2002 recurrence. Bilateral mastectomy w/TFL autologous recon. Then ACx2. Skin lymphatic rash. Taxotere w/Herceptin x4. Herceptin/Xeloda. Finally stops spreading.
2003 - Back to surgery, remove skin mets, and will have surgery one week later when pathology can confirm margins.

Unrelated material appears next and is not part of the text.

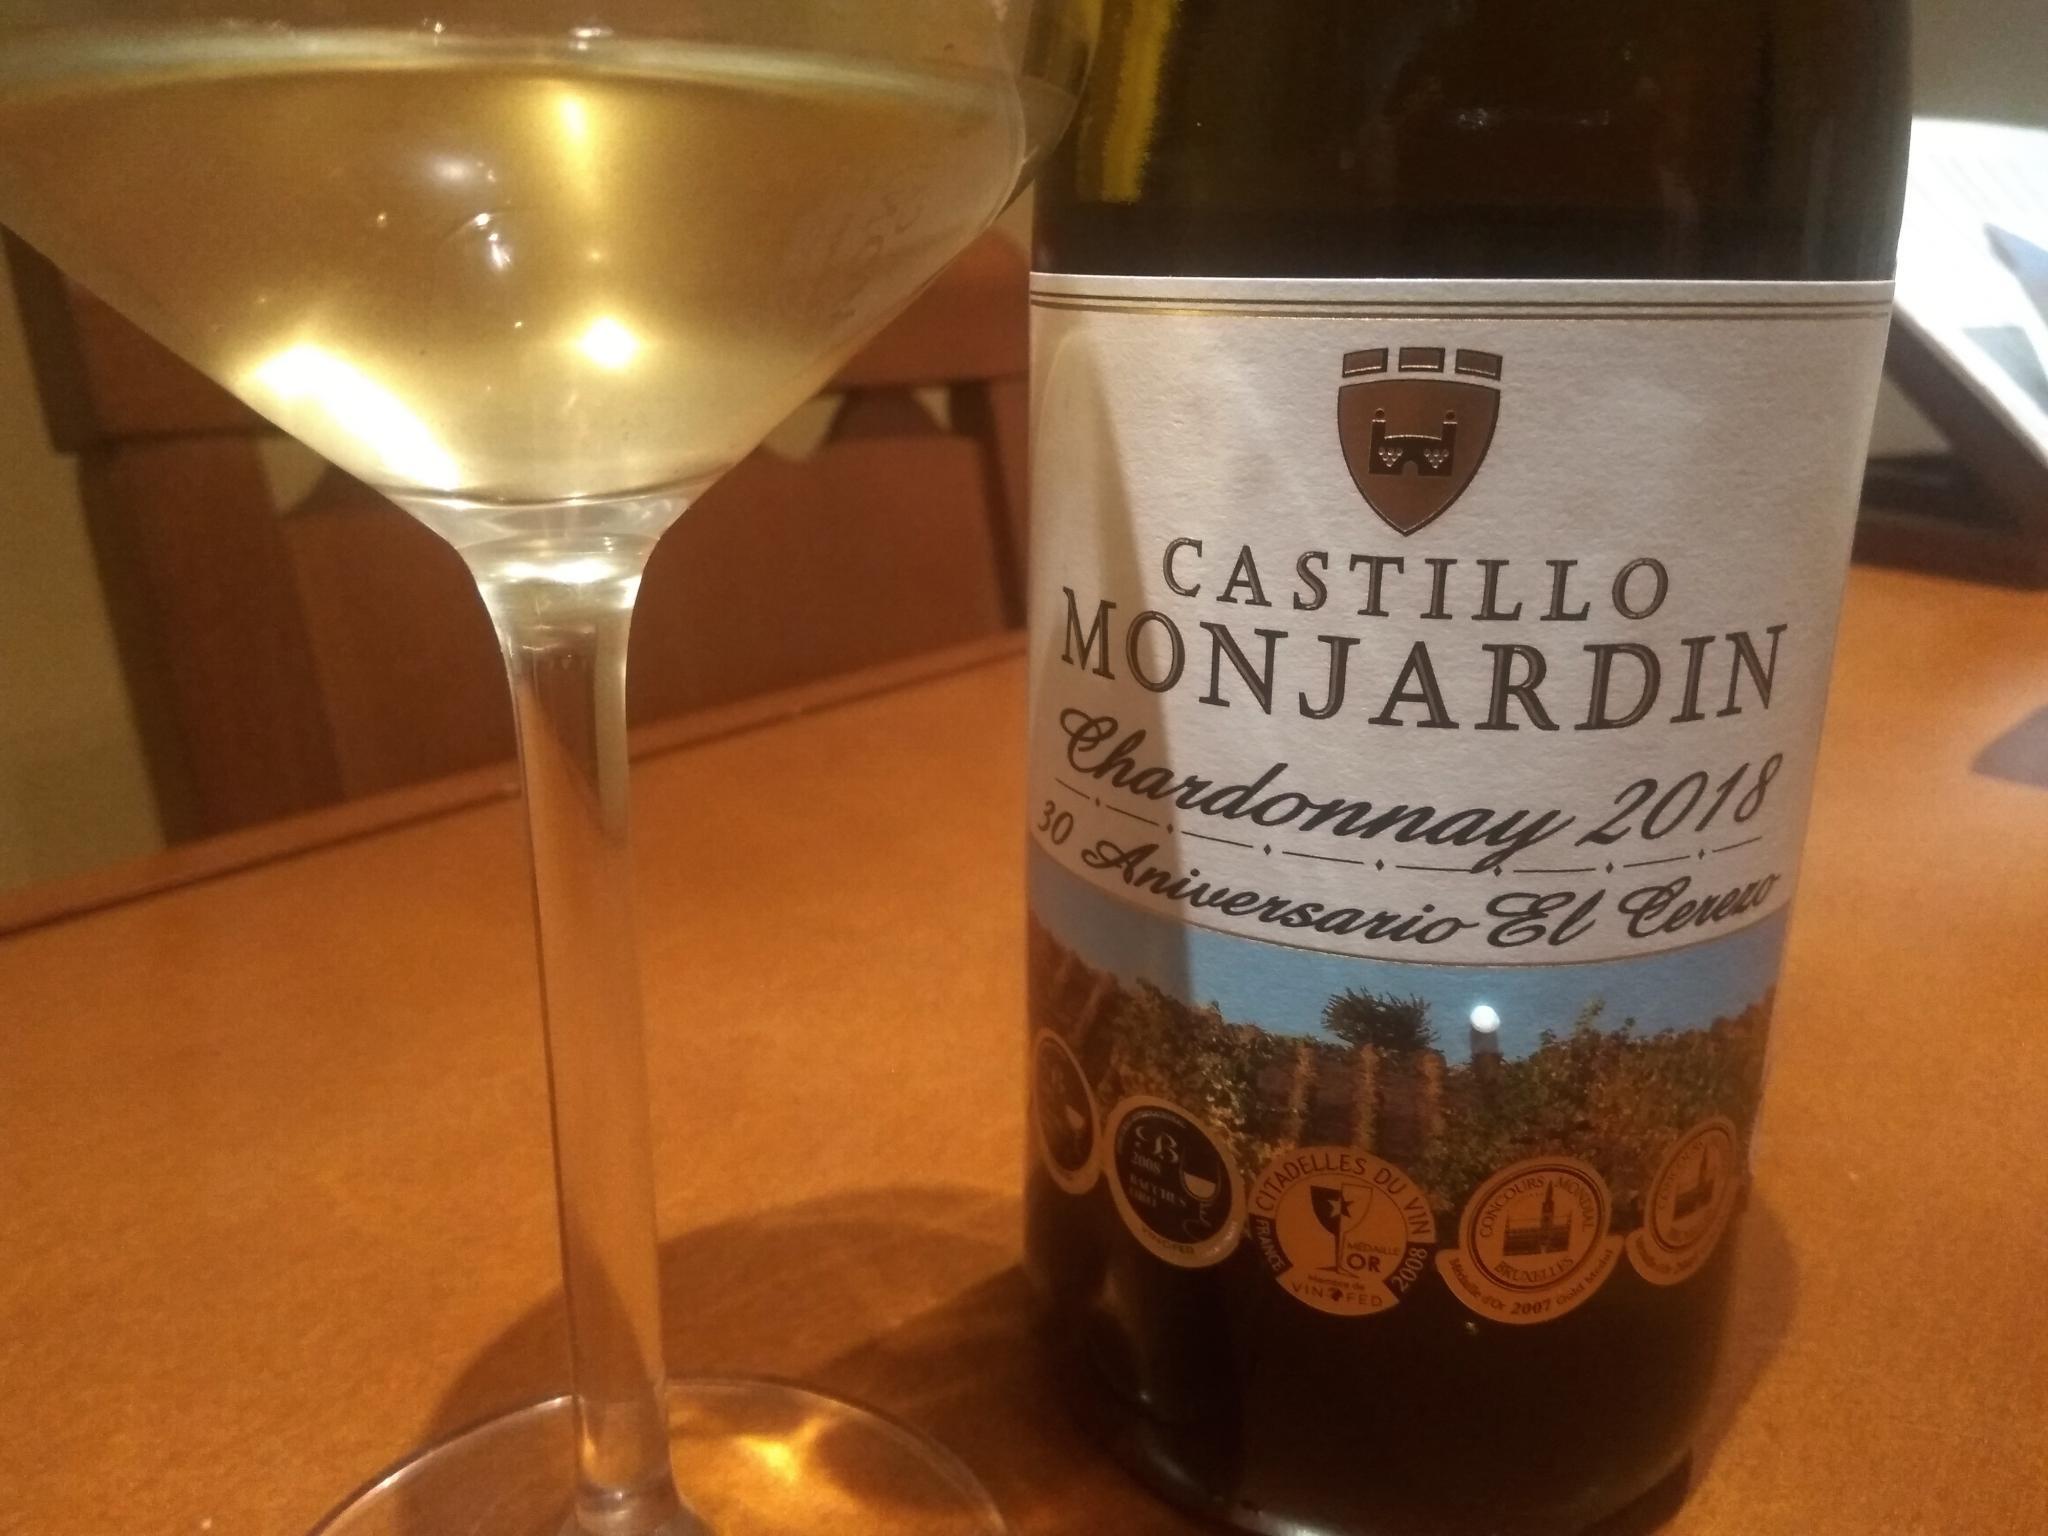 Castillo Monjardín Chardonnay 2018

‘03 latisimus dorsi flap to remove skin mets. CLEAN MARGINS. Continue single agent Herceptin thru 4/04. NED.
‘04 '05 & 06 tiny recurrences - scar line. surgery to cut out. NED each time.
1/2006 Rads again, to scar line. NED.

3/07 Heartbreaking news - mets! lungs.sternum. Try Tykerb/Xeloda. Tykerb/Carbo/Gemzar. Switch Oncs.

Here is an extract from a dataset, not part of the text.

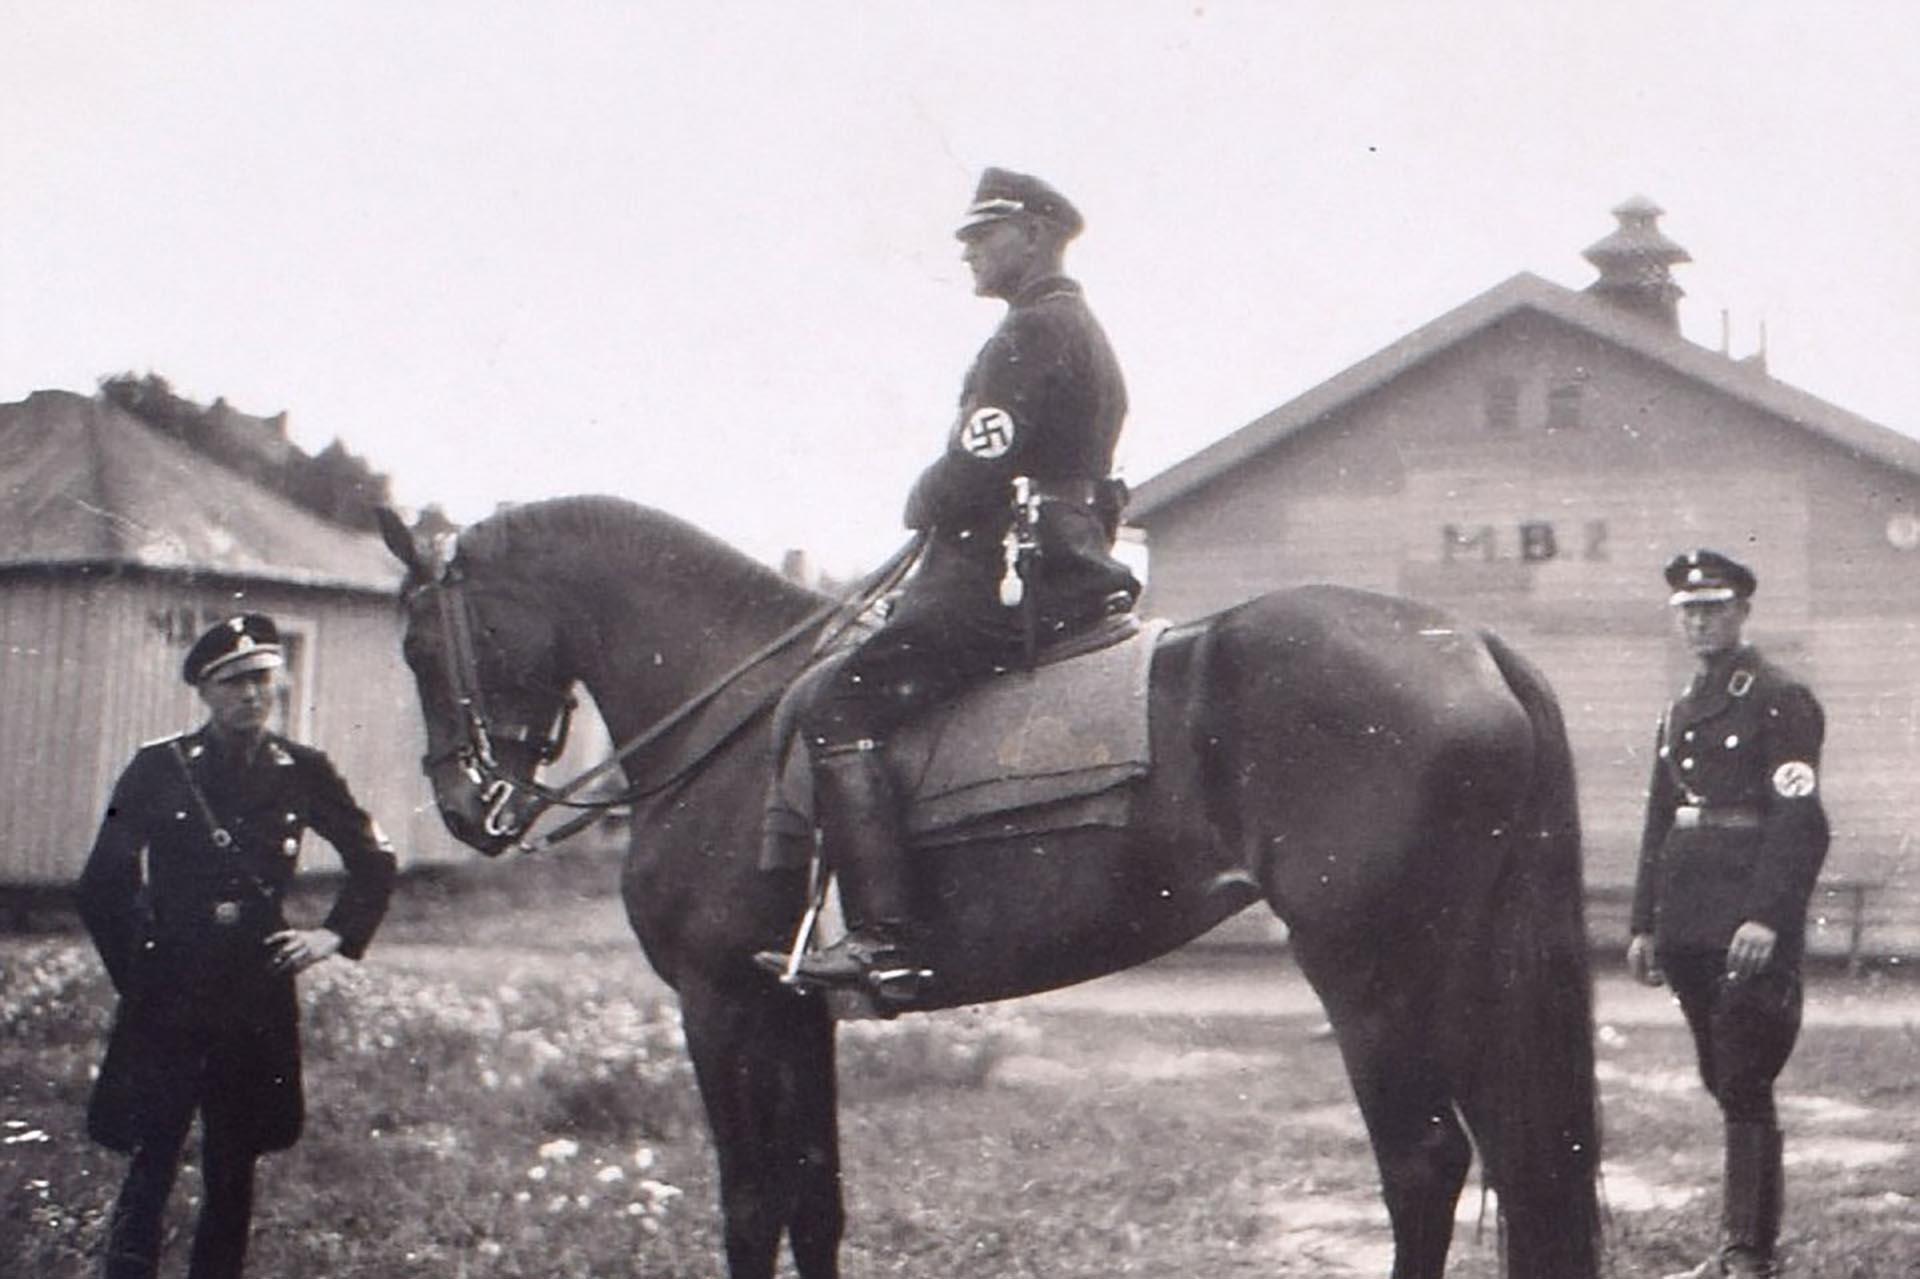 Un oficial nazi en un caballo es observado por otros dos (C&T Auctions/BNPS)

12/07 Herceptin.Tykerb. Markers go stable.
2/8/08 gamma knife 13mm stupid brain met.
3/08 Herceptin/tykerb/avastin/zometa.
3/09 brain NED. Lungs STABLE.
4/09 attack sternum (10 daysPHOTONS.5 days ELECTRONS)
9/09 MARKERS normal!
3/10 PET/CT=manubrium intensely metabolically active but stable. NEDhead.

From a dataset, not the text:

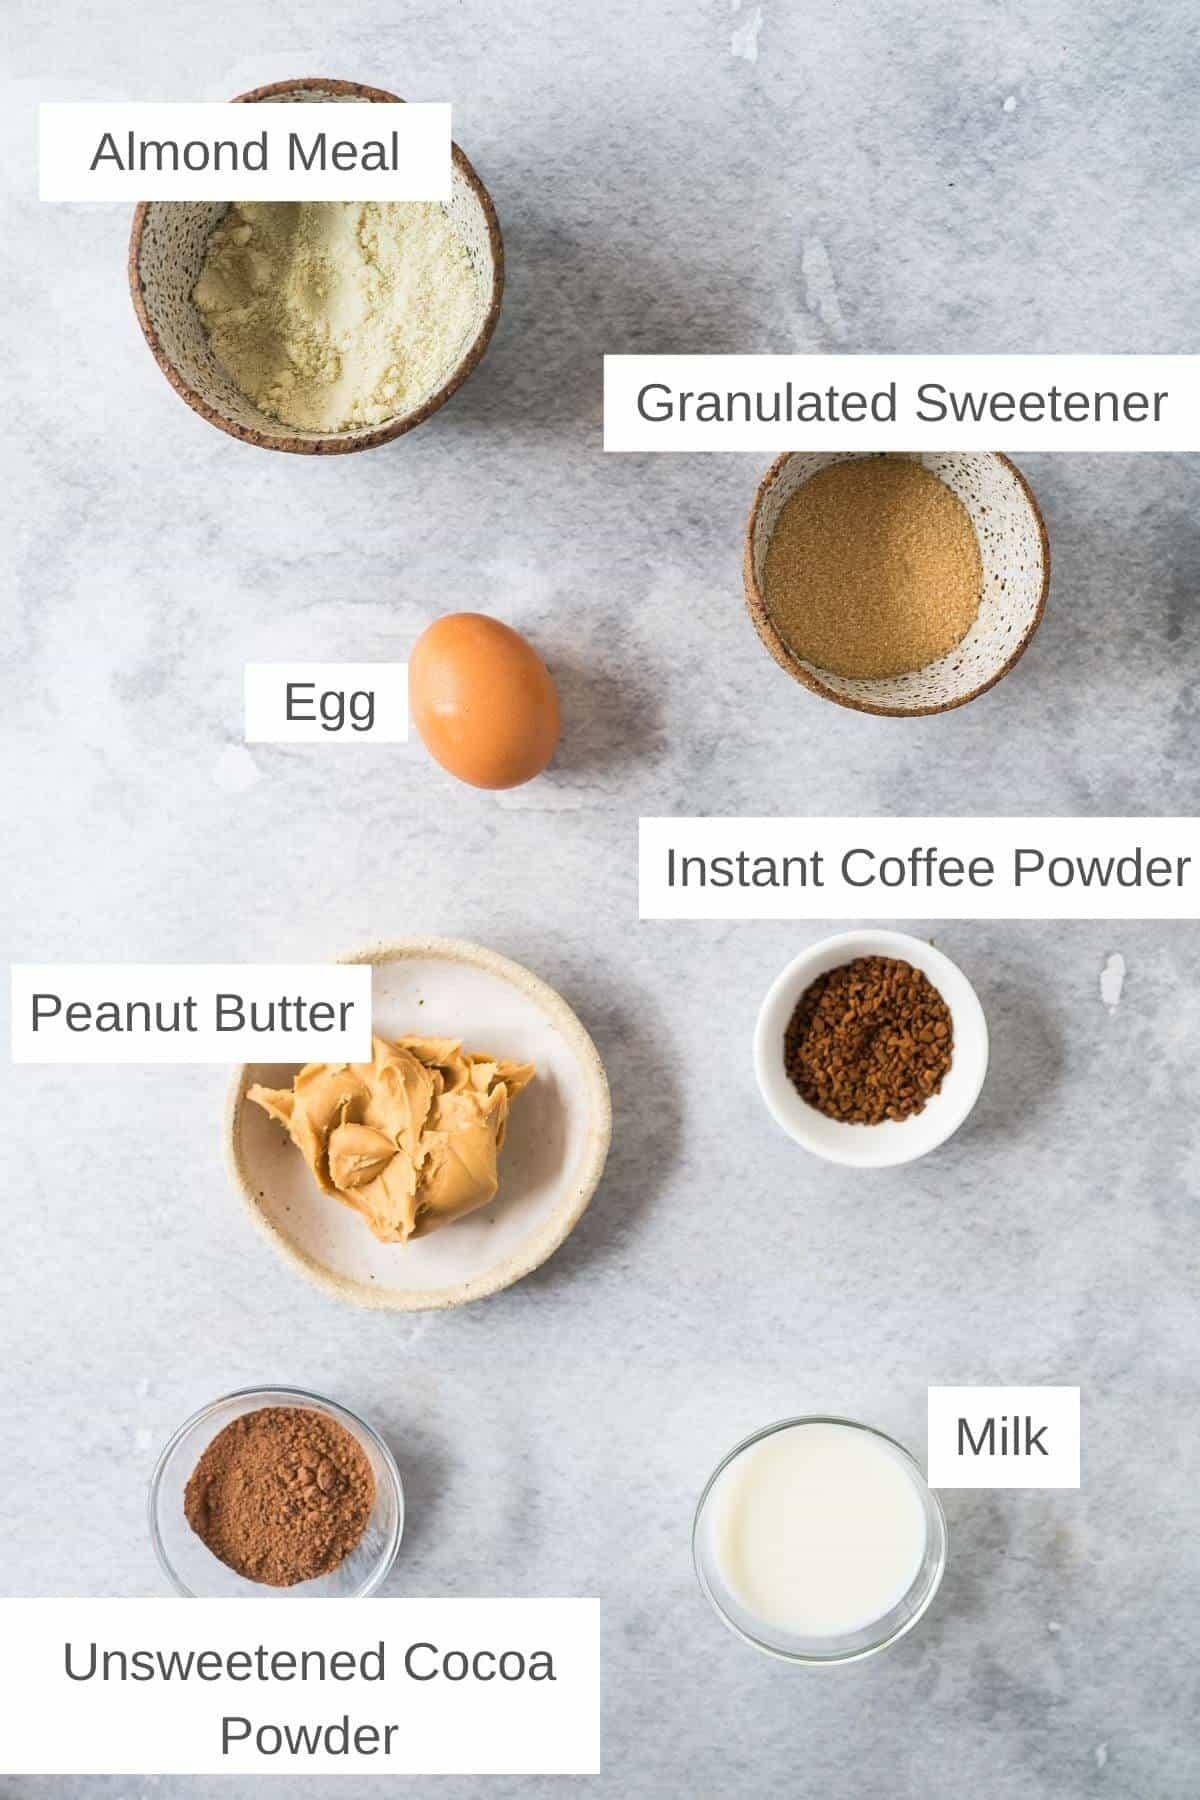 ingredients for chocolate peanut butter mug cake

Wash out 5/10 for tdm1 but 6/10 CT STABLE, PET improving. Markers normal. Brain NED. Resume just Herceptin plus ZOMETA
Dec 2010 Brain NED, lungs/sternum stable. markers normal.
MAR 2011 stop Herceptin/allergy! Go back on Tykerb and switch to Xgeva.
May-Aug 2011 Tykerb Herceptin Xgeva.
Sept 2011 Tykerb, Herceptin, Zometa, Avastin.
April 2012 sketchy drug trial in NYC. 6 weeks later I’m NED!
OCT 2012 PET/CT shows a bunch of freakin’ progression. Back to LA and Herceptin.avastin.zometa.
12/20/12 add in PERJETA!
March 2013 – 5 YEARS POST continue HAPZ
APRIL 2013 - 6 yrs stage 4. "FAILED" PETscan on 4/2/13
May 2013: rePetted - improvement in lungs, left adrenal stable, right 6th rib inactive, (must be PERJETA avastin) sternum and L1 fruckin'worsen. Drop zometa. ADD Xgeva. Doc says get rads consultant for L1 and possible biopsy of L1. I say, no thanks, doc. Lets see what xgeva brings to the table first. It's summer.
June-August 2013HAPX Herceptin Avastin Perjeta xgeva.
Sept - now - on chemo hold for calming tummy we hope. Markers stable for 2 months.
Nov 2013 - Herceptin-Perjeta-Avastin-Xgeva (collageneous colitis, which explains tummy probs, added Entocort)
December '13 BRAIN MRI ned in da head.
Jan 2014: CONTINUING on HAPX…
FEB 2014 PetCT clinical “impression”: 1. newbie nodule - SUV 1.5 right apical nodule, mildly hypermetabolic “suggestive” of worsening neoplastic lesion. 2. moderate worsening of the sternum – SUV 5.6 from 3.8
3. increasing sclerosis & decreasing activity of L1 met “suggests” mild healing. (SUV 9.4 v 12.1 in May ‘13)
4. scattered lung nodules, up to 5mm in size = stable, no increased activity
5. other small scattered sclerotic lesions, one in right iliac and one in thoracic vertebral body similar in appearance to L1 without PET activity and not clearly pathologic
APRIL 2014 - 6 YRS POST GAMMA ZAP, 7 YRS MBC & 18 YEARS FROM ORIGINAL DX!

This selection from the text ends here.